Khaos

Easy Living

I’m cooking Irish Stew for dinner tonight.  Marty loves this though he has annoyed me before by suggesting that it’s an easy option for dinner.  The problem lies with the word “easy”.  It’s true that there are no advanced cooking techniques required but it just took me an hour and half to get it to the stage where everything is in the stew pot.  In about another hour and a half it will be ready to eat.  That’s not my idea of an easy dinner.

Yesterday evening I got out one of my new knitting books, Victorian Lace Today, as I was keen to try out some of the beautiful patterns it contains.  I decided to start with something marked as an “intermediate” pattern.  After about two hours I decided that it was too difficult and I would start with something marked “easy”.  I have knit expert patterns before and I have also knit lace before so I was surprised that I was having such difficultly.  But then the word easy doesn’t really tell me very much.

The lace I’m knitting, just like the food, doesn’t contain advanced techniques.  It does, however, involve concentration and precision.  If every stitch needs to be perfect is the pattern really easy?  And when I say it doesn’t contain advanced techniques I suppose that depends on who you ask.  I know quite a few knitters who wouldn’t have a clue how to knit the lace as it involves stitches that are not taught to beginners and you have to know how to read a lace chart.

There is a cliche that says that says, “it’s easy when you know how”, but I’m not convinced.  Even a task that is easy can become difficult if you have to repeat many times.  As for the stew maybe it is an easy option for Marty.  All he needs to do is eat it once it’s finished and given how good it smells at the minute that shouldn’t be too difficult.

2 Responses to “Easy Living”

  1. Andrew Noble Says:

    Your stew only takes an hour and a half to cook?

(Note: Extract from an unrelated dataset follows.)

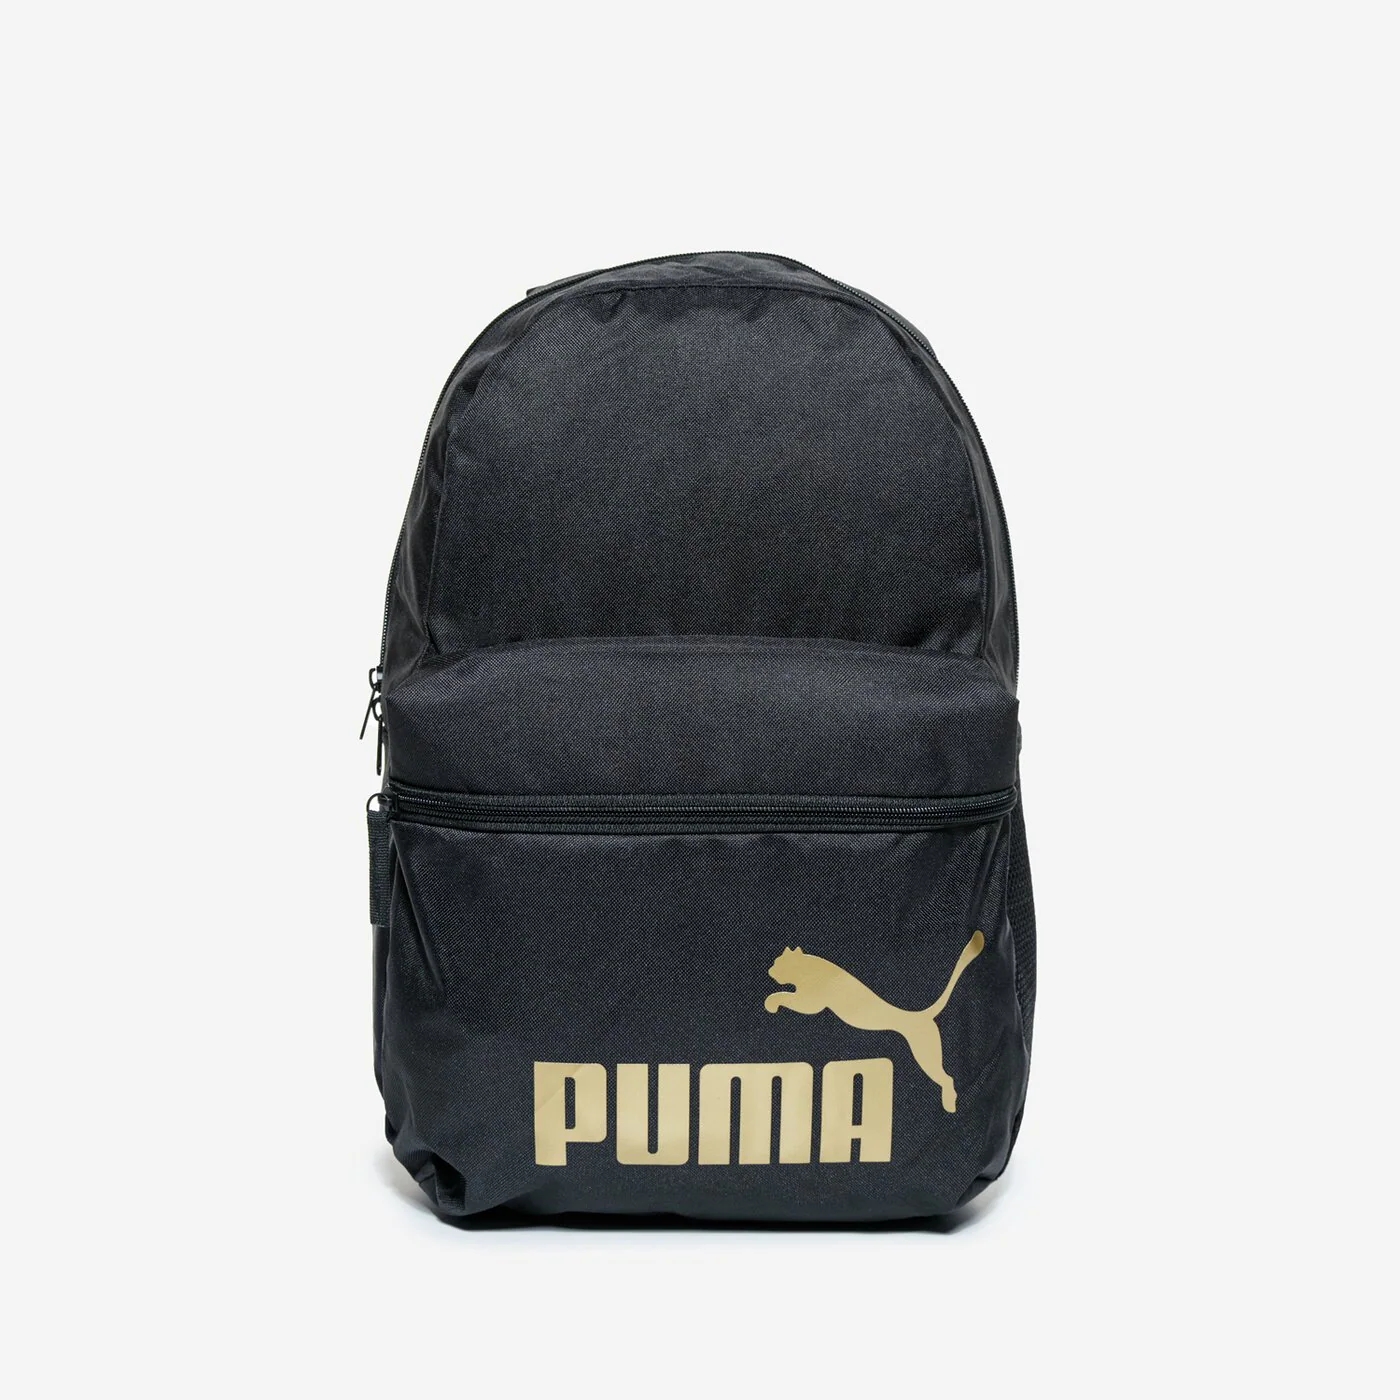 Рюкзак Puma Phase, черный

I cook mine 3 times before I eat it – need to allow the stew to thicken and flavours to infuse. Then again, maybe I have too much time on my hands!

  2. karen Says:

    I will admit that I cheat a bit with the stew. I use lean steak inside of the sort of meat that needs to be cooked for hours. Also it’s the sort of stew you eat with a fork and I can’t allow the potatoes to cook into mush.

    It would taste better the next day, if any of it actually manages to stay in the pot that long.

    I could cook the meat for much longer before adding the potatoes, but I tend to do that with other stews, the sort that use red wine, and not with an Irish Stew.